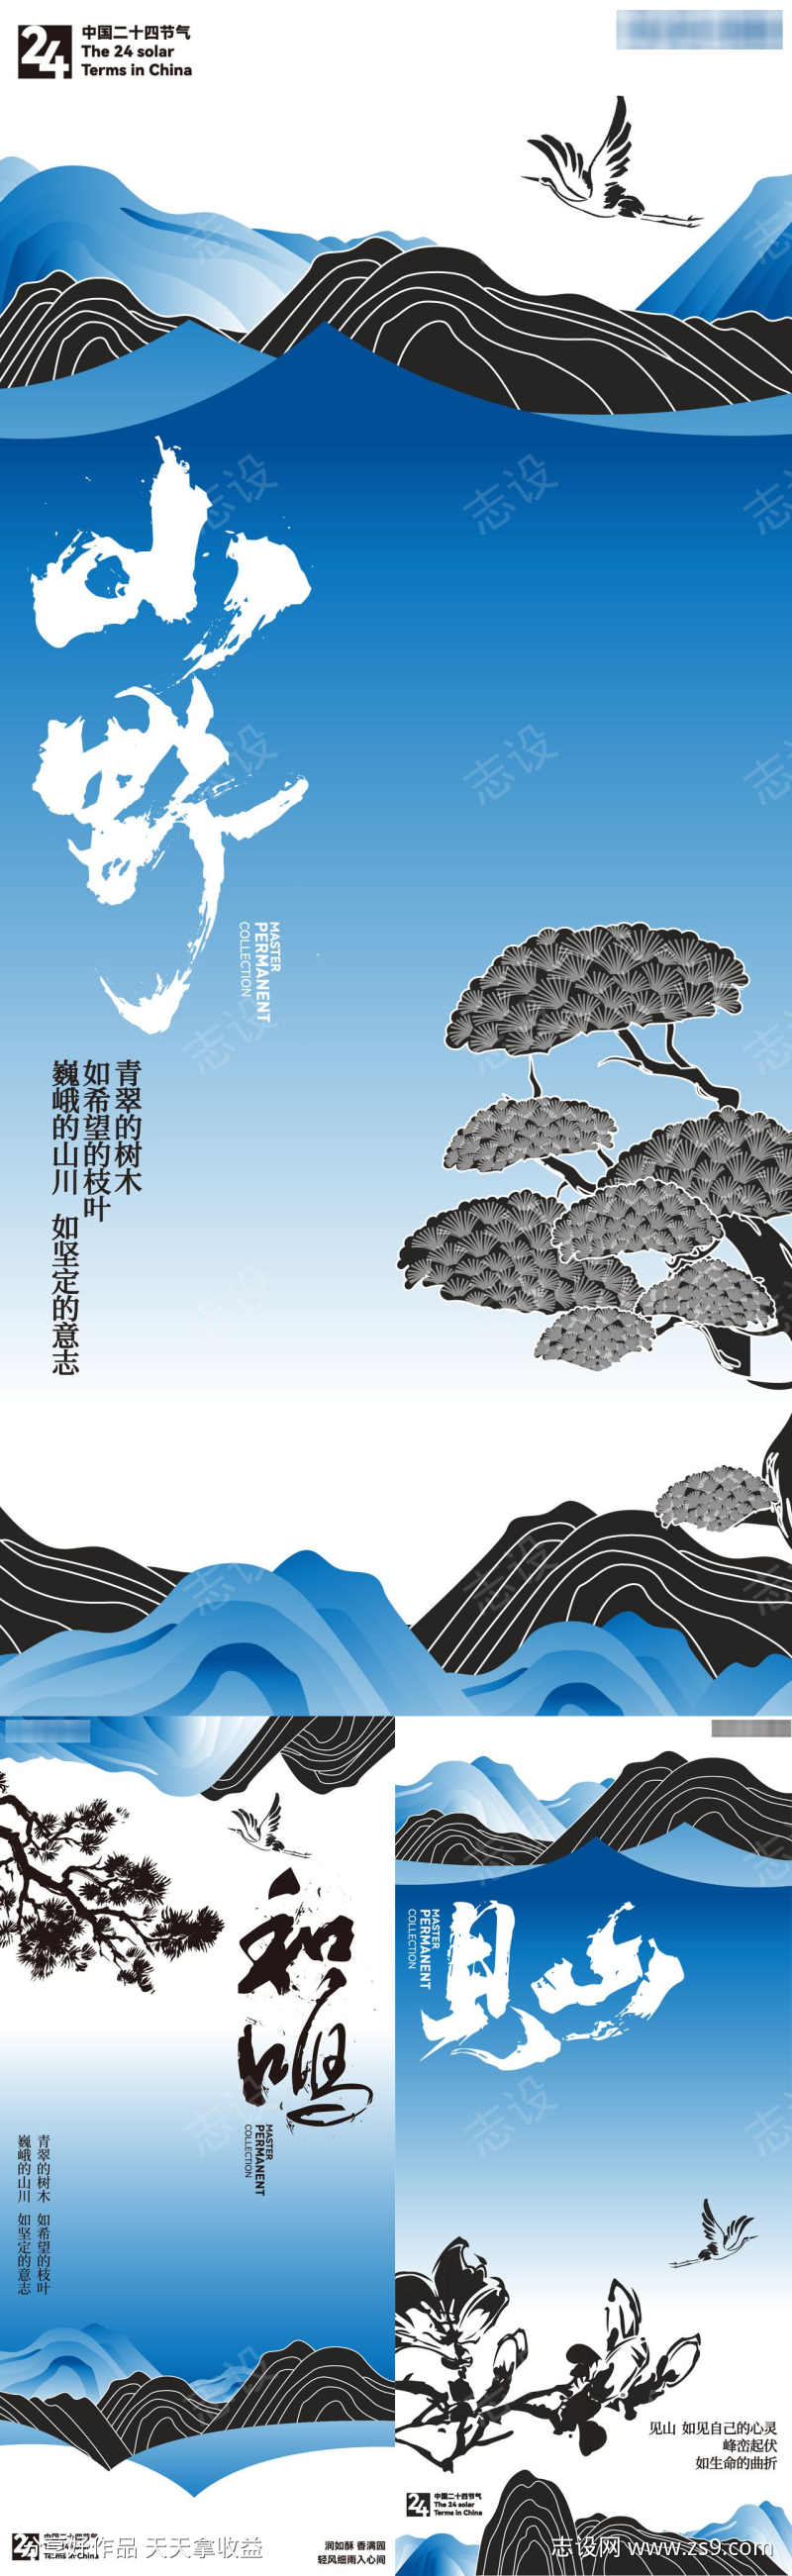 中国风山水创意海报
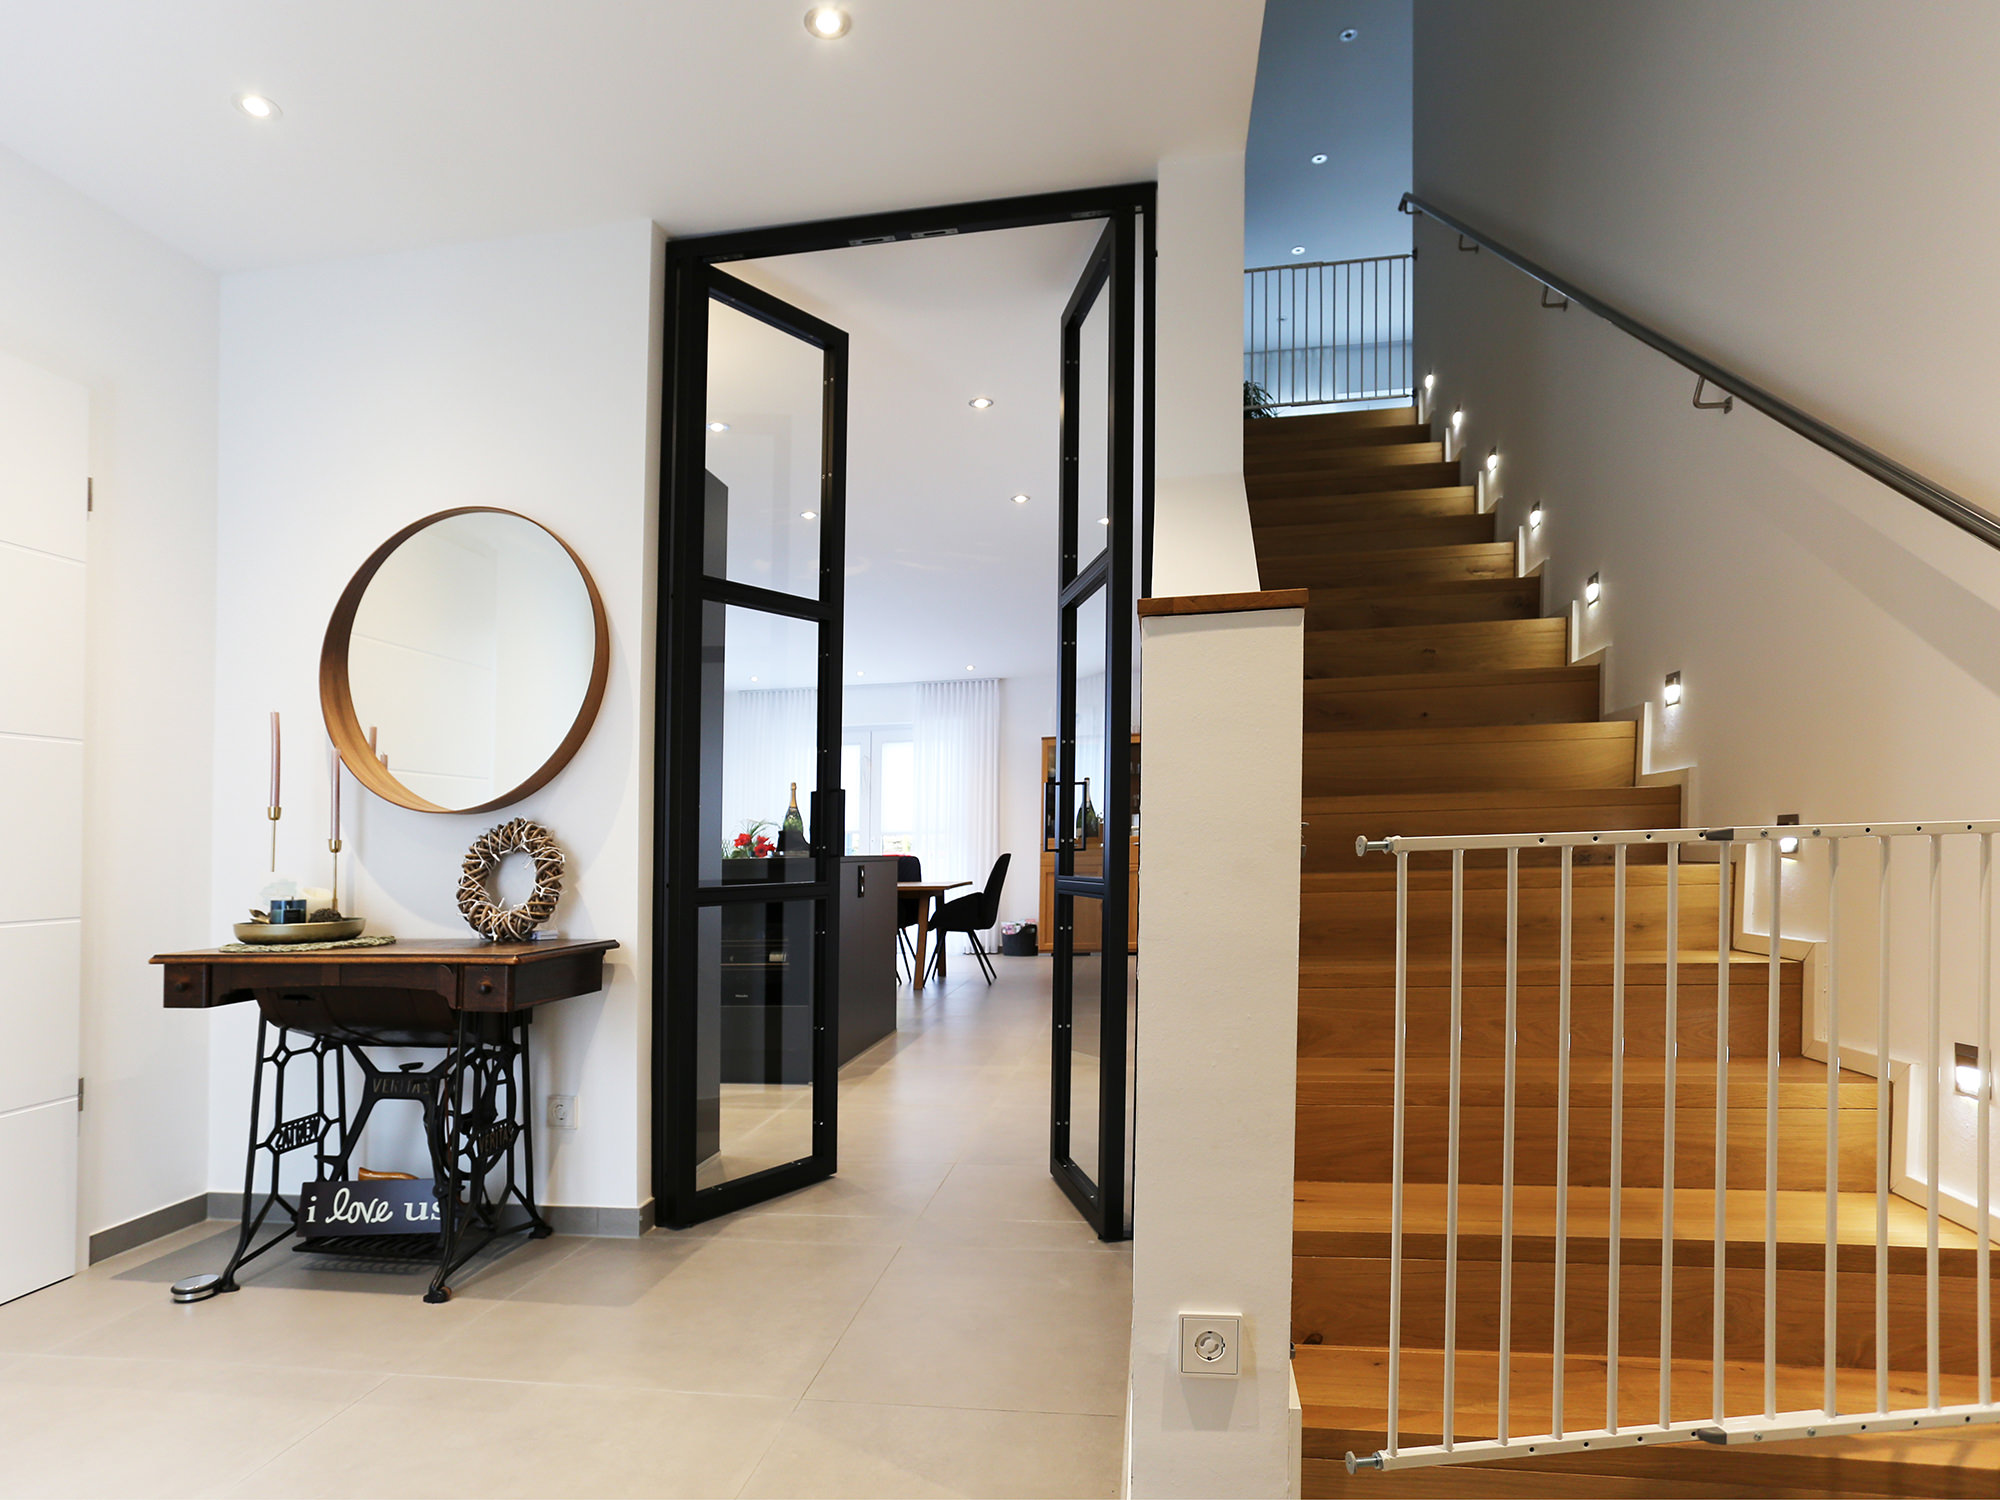 Neubau eines Einfamilienhauses, Remscheid - ah-architektur.de | Alisic-Haverkamp – Wir verfolgen das Ziel, funktionelle, kostenbewusste und ambitioniert gestaltete Architektur zu schaffen, die einen ah-Effekt auslöst.
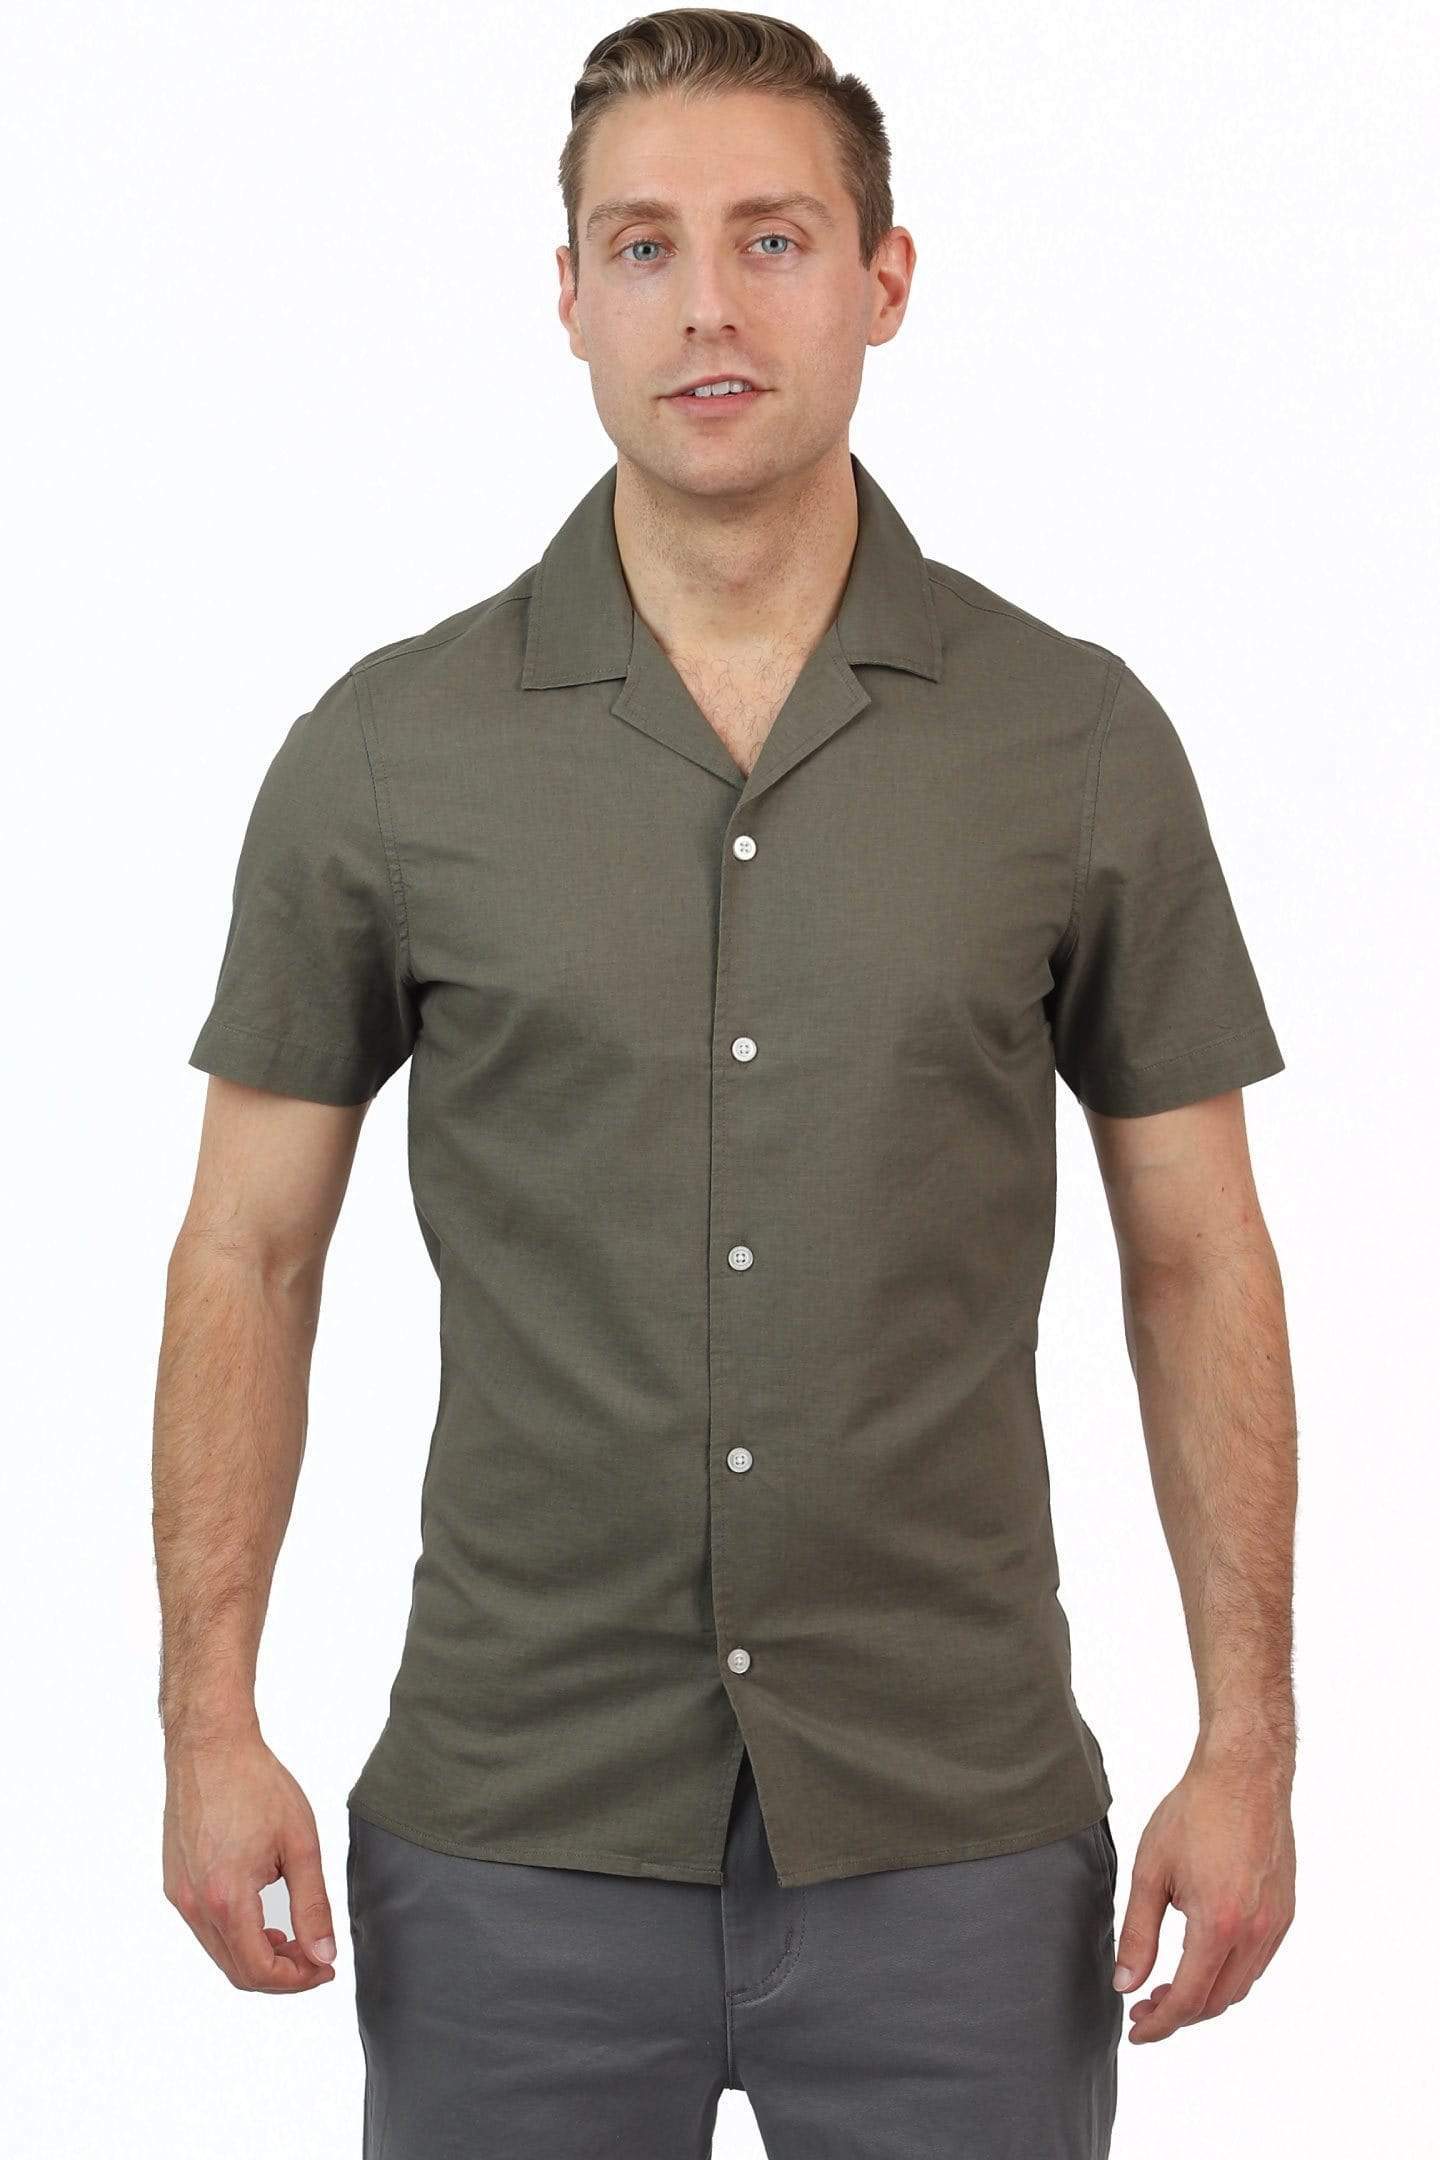 Canopy Green Open Collar Shirt

▶ _Assigned task_
Retype verbatim only the lines beginning with the line that contains "Neubau eines Einfamilienhauses, Remscheid" and ending with the last line of the listing above; pictures are to be excluded.

▶ _Answer to this exercise_
 Neubau eines Einfamilienhauses, Remscheid - ah-architektur.de | Alisic-Haverkamp – Wir verfolgen das Ziel, funktionelle, kostenbewusste und ambitioniert gestaltete Architektur zu schaffen, die einen ah-Effekt auslöst.
 Canopy Green Open Collar Shirt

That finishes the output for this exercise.